Energy

India ratifies nuclear liability convention

The ratification may attract international nuclear suppliers to invest in the country

 
By Kundan Pandey
Last Updated: Friday 05 February 2016

India has been planning to construct nuclear plants with the support of foreign players (Tony Fischer/Flickr)

India has ratified the international convention on nuclear energy accident liability, that was perceived as a barrier for foreign companies to invest in the country.

The country submitted an instrument of ratification of the Convention Supplementary Compensation for Nuclear Damage to the International Atomic Energy Agency (IAEA), said a statement published on Ministry of Foreign Affair’s website  on Thursday.

As per the statement, ambassador and Permanent Representative of India to United Nations (Vienna), Rajiva Misra handed over the Instrument of Ratification to Acting Director General of IAEA, Juan Carlos Lentijo. The convention will come into force in 90 days from the date of deposit of the ratification instrument, that is, on May 4, 2016.

It is believed that international manufacturers like General Electric and many others have been reluctant to begin any nuclear project in India because of the country’s domestic liability law which makes all, including equipment suppliers, accountable for any untoward incident. Norms followed globally only hold the plant operators to account, in such a scenario.
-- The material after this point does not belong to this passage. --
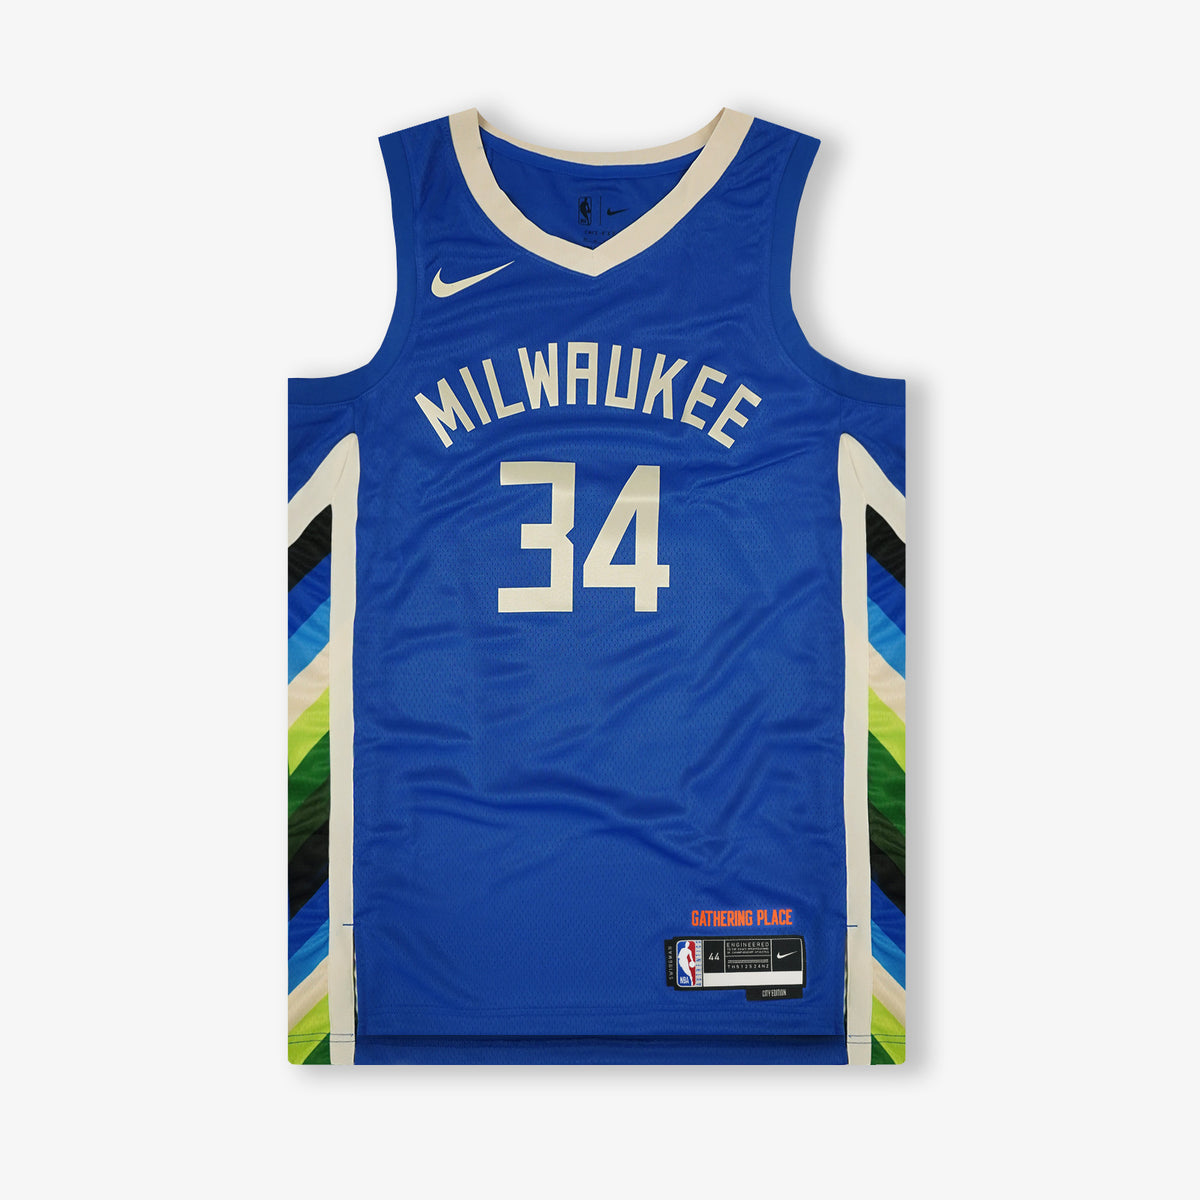 Milwaukee Bucks 22/23 City Edition Uniform: Bronzeville

India and USA signed a landmark civilian nuclear deal in 2008. However, the two countries could not do business because the US did not agree to subject its companies to India’s liability laws in case of an accident. After the deal, India passed the Civil Liability for Nuclear Damage Act (CLNDA), 2010, which held suppliers liable for compensation in case of any accident caused by faulty equipment and gave the operator (the government) the right to sue them. This is the law which nuclear fuel suppliers, especially from USA and France, have opposed.

India has been planning to construct nuclear plants with the support of several foreign players including Russia, which is building six reactors for India, and planning for six more.

The French President was in India recently, as the chief guest for Republic Day celebrations. The two countries signed an agreement to work on six nuclear plants at the time.

It is noteworthy that India has, in the past, taken steps to address the issue of civil nuclear liability. It had released a list of FAQs on “Civil Nuclear Liability” in February 2015 and also launched the India Nuclear Insurance Pool (INIP) in June that year. INIP is an insurance pool to cover the equipment suppliers’ risk of potential liability.